Он как будто ни капли не боится. Улыбается мне.
Ему накладывают на виски графитную мазь.
- Что это? - Спрашивает он.
- Проводящая смазка, - говорит техник.
- Помазание проводящей смазкой. А терновый венец дадут?
Размазывают. Он поет им, и у них дрожат руки.
- Крем "Лесные коренья" возьми...
Надевают штуки вроде наушников, венец из серебряных шипов на покрытых
графитом висках. Велят ему прикусить обрезок резинового шланга, чтобы не
пел.
- ...И ва-алшебный ланолин...
Повернуты регуляторы, и машина дрожит, две механические руки берут по
паяльнику и сгибаются над ним.
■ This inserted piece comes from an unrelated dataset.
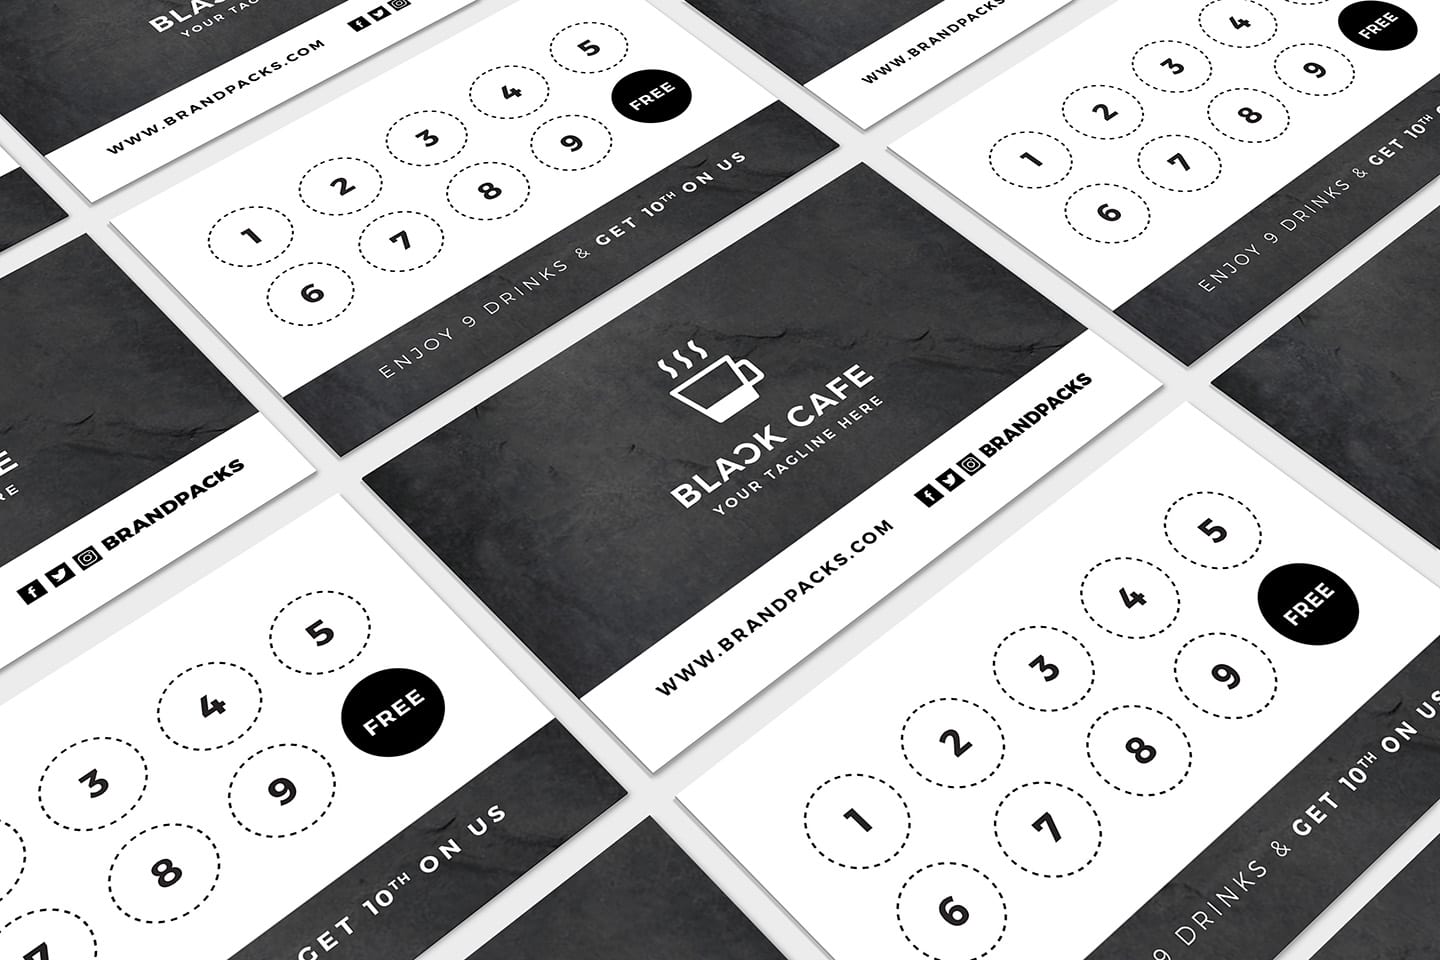 Free Loyalty Card Templates - PSD, Ai & Vector - BrandPacks With Business Punch Card Template Free
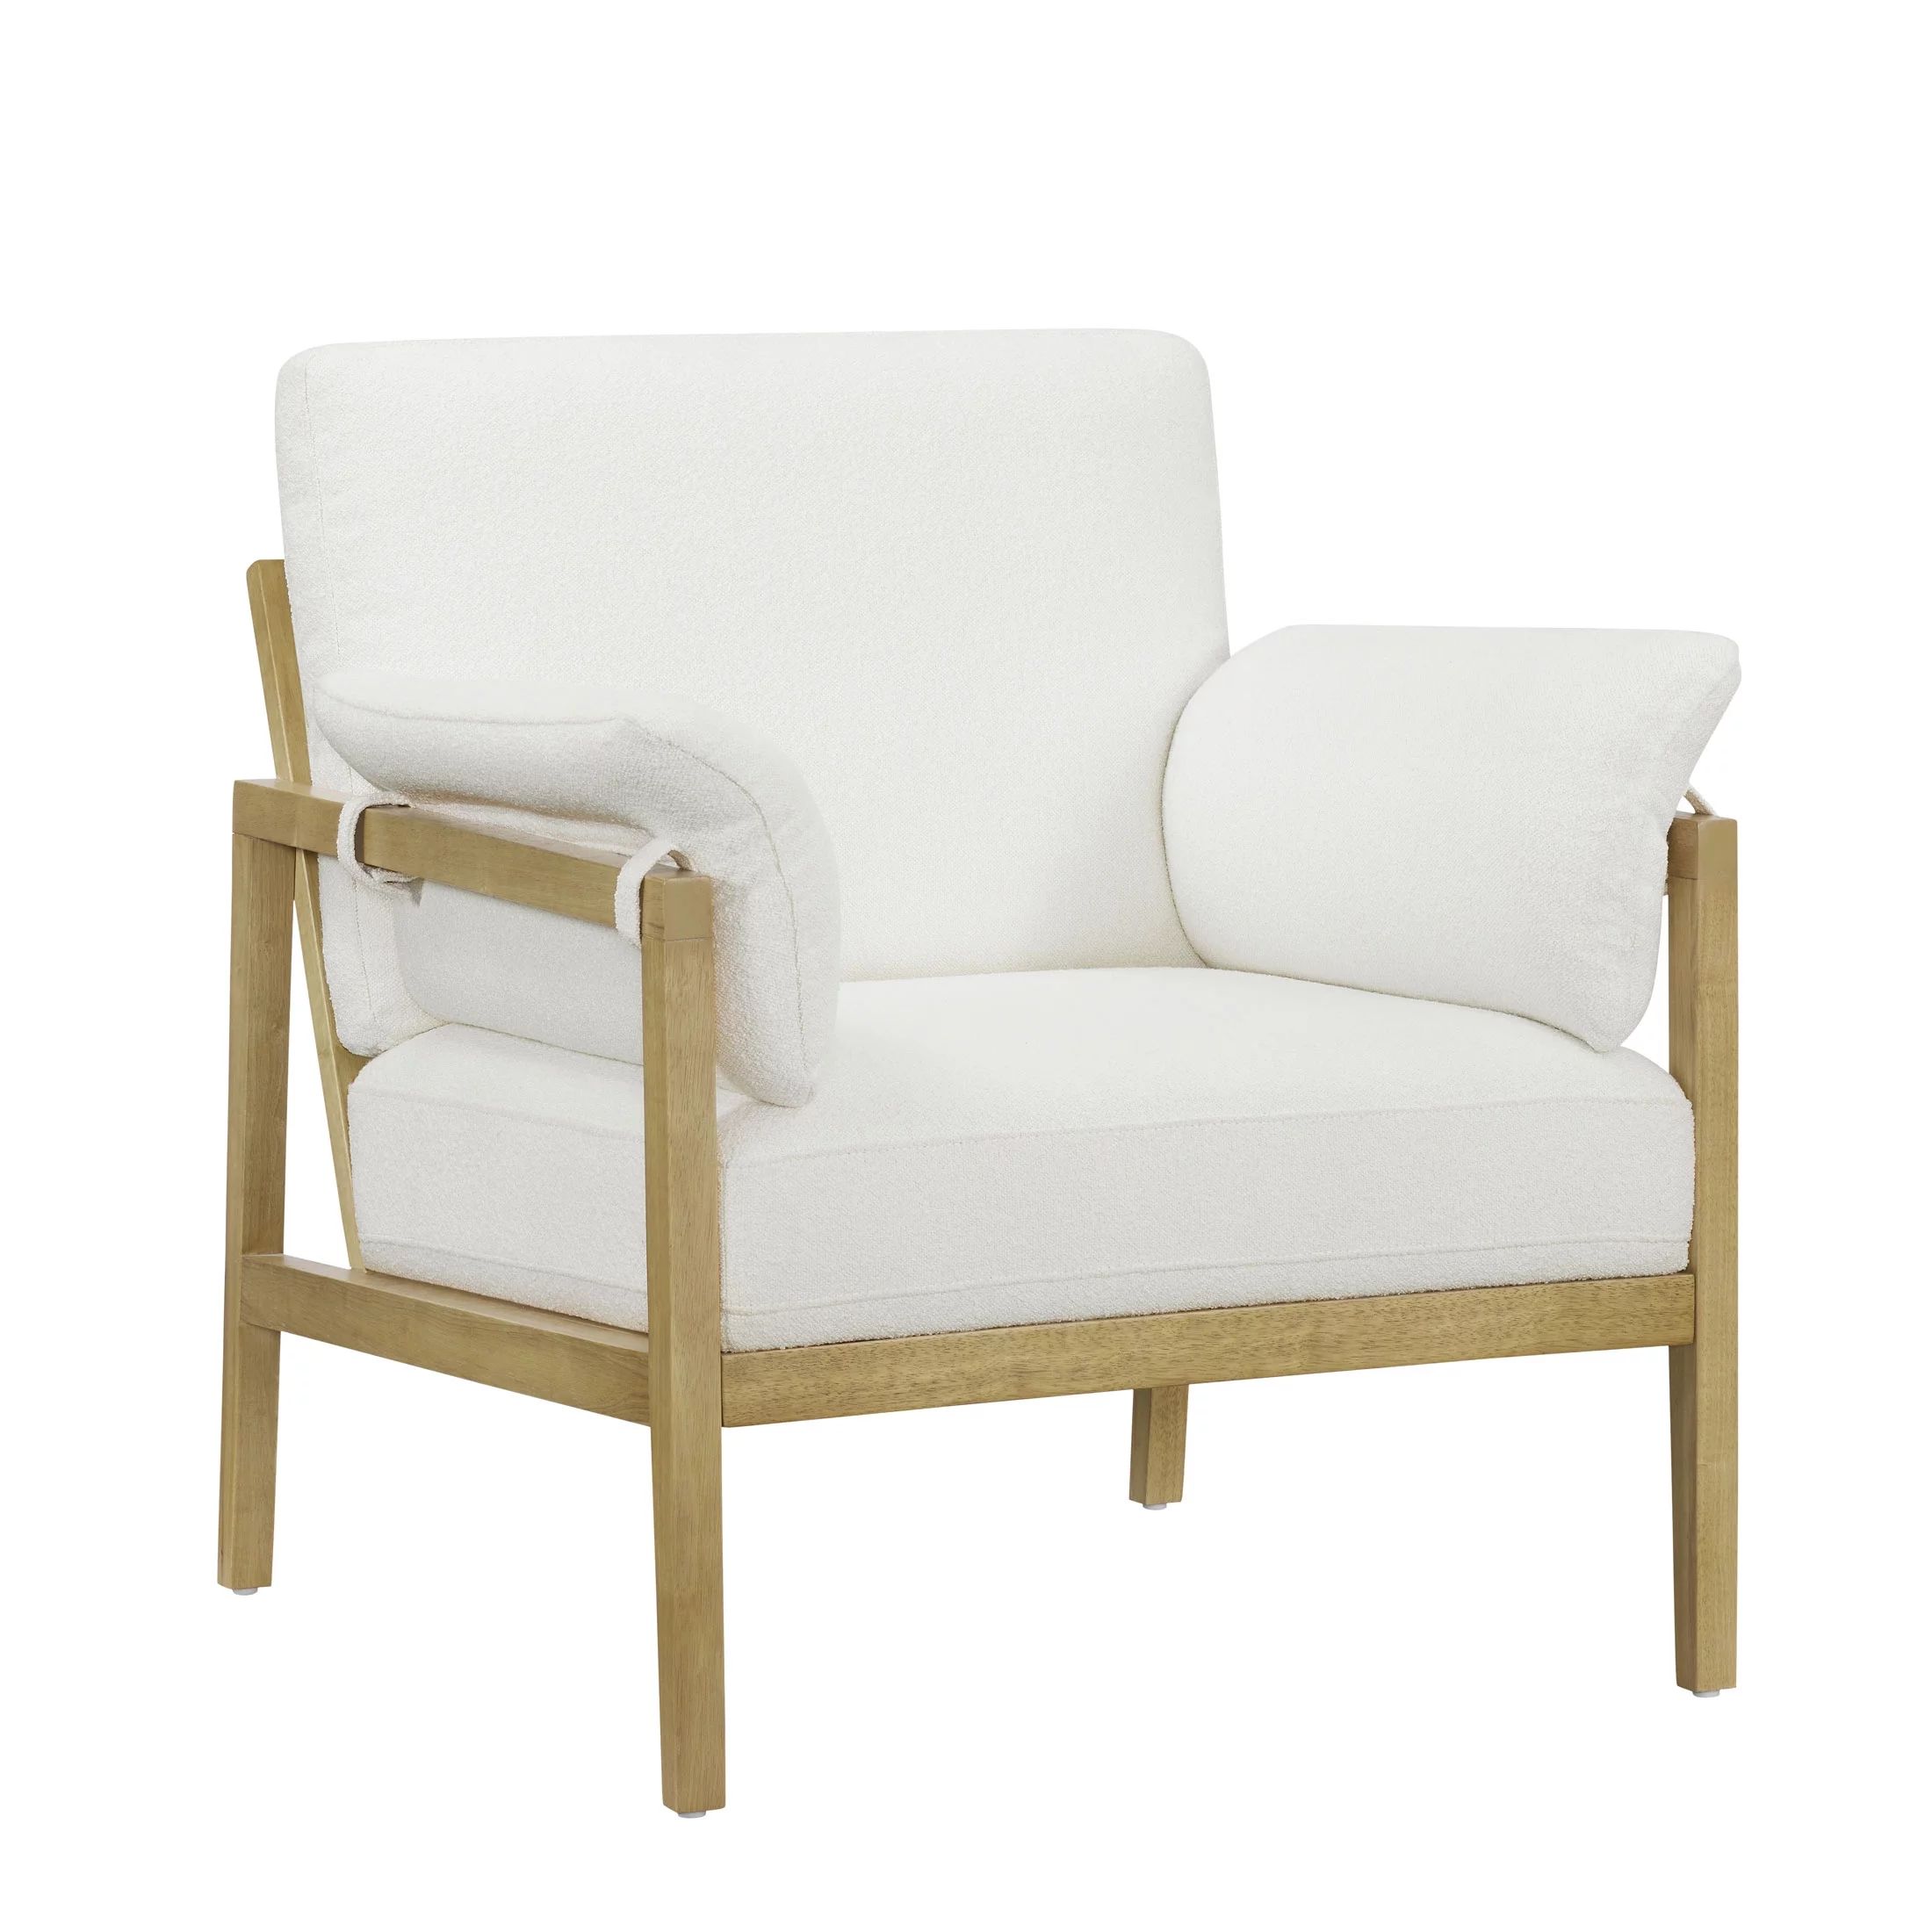 Beautiful Wrap Me Up Accent Chair with Removable Cushions by Drew, Cream | Walmart (US)

Он подмигивает мне и что-то говорит со
шлангом во рту, пытается что-то сказать, произнести, резина мешает, а
паяльники приближаются к серебру у него на висках... Вспыхивают яркие
дуги, он цепенеет, выгибается мостом, только щиколотки и запястья прижаты
к столу, через закушенную черную резиновую трубку звук вроде у-х у-х у! И
весь заиндевел в искрах.
А за окном воробьи, дымясь, падают с провода.
Его выкатывают на каталке, он еще дергается, лицо белое от инея.
Коррозия. Аккумуляторная кислота.
Техник поворачивается ко мне:
- Осторожнее с этим лбом. Я его знаю. Держи его!
Сила воли уже ни при чем.
- Держи его! Черт! Не будем больше брать без снотворного.
Клеммы вгрызаются в мои запястья и щиколотки.
В графитной смазке железные опилки, царапает виски.
Он что-то сказал мне, когда подмигнул. Что-то хотел сказать.
Человек наклоняется надо мной, подносит два паяльника к обручу на
голове.
Машина сгибает руки.
В_о_з_д_у_ш_н_а_я_ т_р_е_в_о_г_а.
С горы поскакал, под пулю попал. Вперед не бежит и назад не бежит,
погляди на мушку и ты убит, убит, убит.
Выходим по тропе через тростник к железной дороге. Прикладываю ухо к
рельсе, она обжигает щеку.
- Ничего, - я говорю, - ни с той, ни с другой стороны на сто
километров...
- Хм, - говорит папа.
- Разве мы бизонов так не слушали - воткнешь нож в землю, рукоятку в
зубы, стадо слышно далеко?
- Хм, - говорит он опять, но ему смешно. За железной дорогой длинный
бугорок пшеничной мякины с прошлой зимы. Под ней мыши, говорит собака.
- Пойдем по железной дороге вправо или влево, сынок?
- Пойдем на ту сторону, так собака говорит.
- Собака рядом не идет, не слушается.
- Пойдем. Там птицы, собака говорит.
- А отец говорит, пойдем охотиться вдоль насыпи.
- Лучше за дорогу, к мякине, собака говорит.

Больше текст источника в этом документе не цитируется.